The second question propounded in the bill of complaint, in effect, asks for an instruction concerning the proper allocation to be made of the expenses incurred in the prosecution of the petition brought pursuant to § 18-6-2 under which the trustee sought to be discharged from the trust upon payment into the registry of the court of the share of the assets payable to George D. Dyer. That was a separate and distinct proceeding and raises no issue under the instant bill of complaint for a construction of the residuary clause of the will. For this reason we do not perceive that the subject matter of the second question is before this court under the instant bill of complaint. The proceeding brought under § 18-6-2 does not constitute a part of the record that is now before us. However, it appears that that petition was discontinued without prejudice by agreement of the parties when George D. Dyer was located by the guardian ad litem appointed therein.
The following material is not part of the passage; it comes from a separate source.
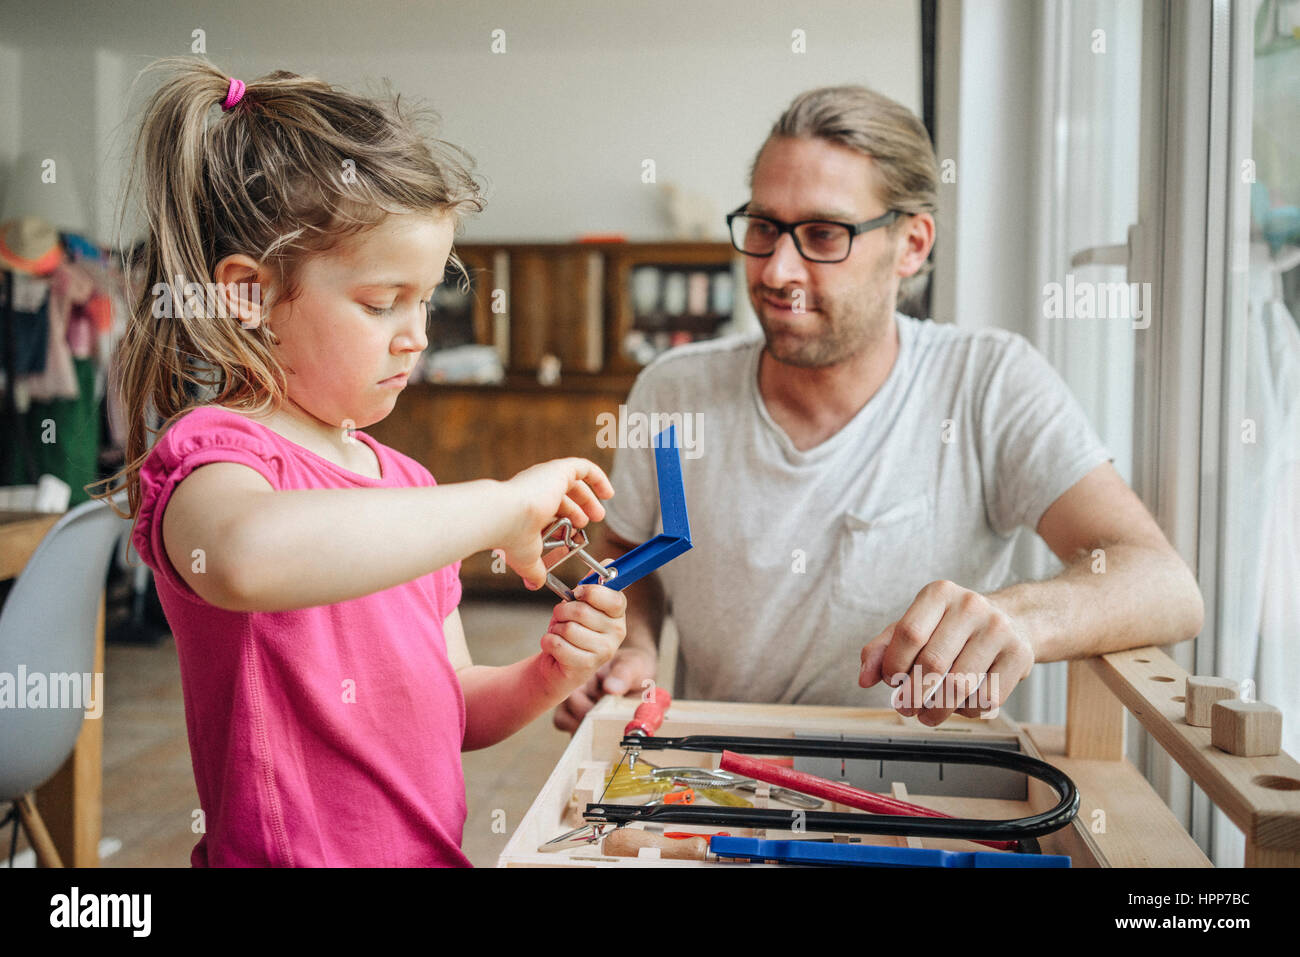 Father looking at daughter working with tools Stock Photo

It is our opinion then that the second question neither arises out of nor has any relationship to the issues raised in the instant proceeding. In this circumstance it was not properly brought before us by certification of the instant cause under the provisions of G.L. 1956, § 9-24-28. We would note further that if in these circumstances we were to give the trustee a purported instruction as to which of the remaining assets of the estate properly could be charged with the expenses of that proceeding, such opinion would be advisory in nature and not a decision of the court and clearly entitled to no weight. G. & D. *914 Taylor & Co. v. Place, 4 R.I. 324, 362. The court therefore declines to answer the second question set out in the bill of complaint.
In answer to the first question propounded in the bill of complaint, it is our opinion that George D. Dyer should share in the distribution of one half of the assets of the estate which were to be distributed "equally among my nieces and nephews then surviving."
On March 20, 1963 the parties may present to this court for approval a form of decree, in accordance with this opinion, to be entered in the superior court.